Becoming What We Behold

Everyone should be image conscious, but we need the gospel to change our image of choice. How, then, does our actual image change? It is a fundamental truth that we become what we behold.3 Children become like their parents; interns become like their mentors. If we behold the beauty of Christ, we become beautiful like Christ.While it is true that our first glance into the face of Christ restores our image (Rom. 5:1–3; 8:29–30), it is also true that we drift back into fashioning our own distorted image.We slip into our own distorted forms of masculinity and femininity. The gospel calls us back to look at Jesus over and over again.

A disciple of Jesus is a person who so looks at Jesus that he or she actually begins to reflect his beauty in everyday life.

A disciple of Jesus is a person who so looks at Jesus that he or she actually begins to reflect his beauty in everyday life. The gospel gives us the eyes to see Jesus as well as the power to look like him. It changes us into the image of his glory: “And we all, with unveiled face, beholding the glory of the Lord, are being transformed into the same image from one degree of glory to another.” (2 Cor. 3:18). This transformative vision comes from the presence and power of the Holy Spirit (2 Cor. 3:17–18), whom I discuss at length in chapter five. For now, suffice it to say that gospel-centered disciples rely on the Spirit, who focuses our hearts’ attention on Jesus, where beholding results in becoming like him. This is a goal worth fighting for.

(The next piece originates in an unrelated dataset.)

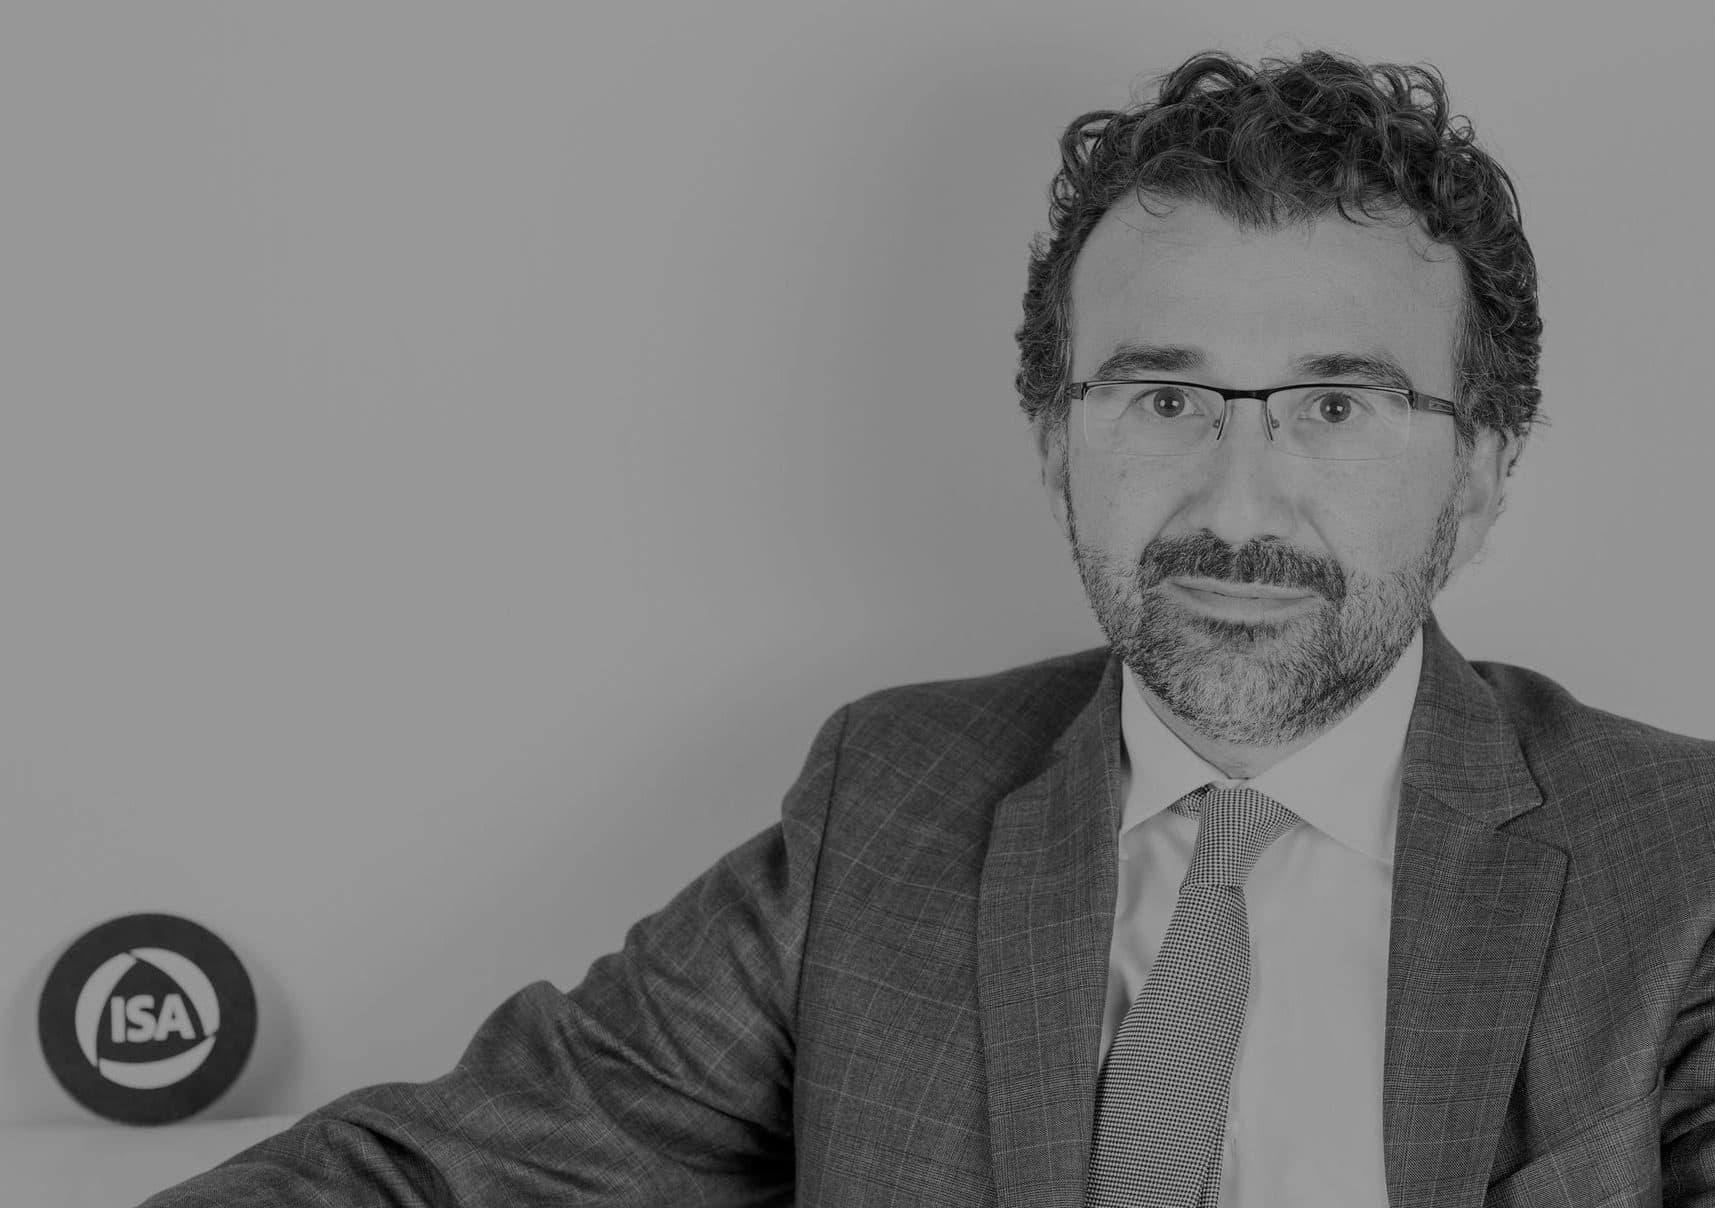 Juan Manuel Ferrer

The gospel also offers the hope of final transformation. One day our dusty image of Adam will be transformed entirely into the heavenly image of Christ: “Just as we have borne the image of the man of dust, we shall also bear the image of the man of heaven” (1 Cor. 15:49). This transformation, however, does not come without a struggle. Any image takes hard work, and in the words of J. P. Moreland, “Grace is opposed to earning not to effort.” If we are to enjoy the breathtaking beauty of Jesus, we must put effort into the noble fight of faith.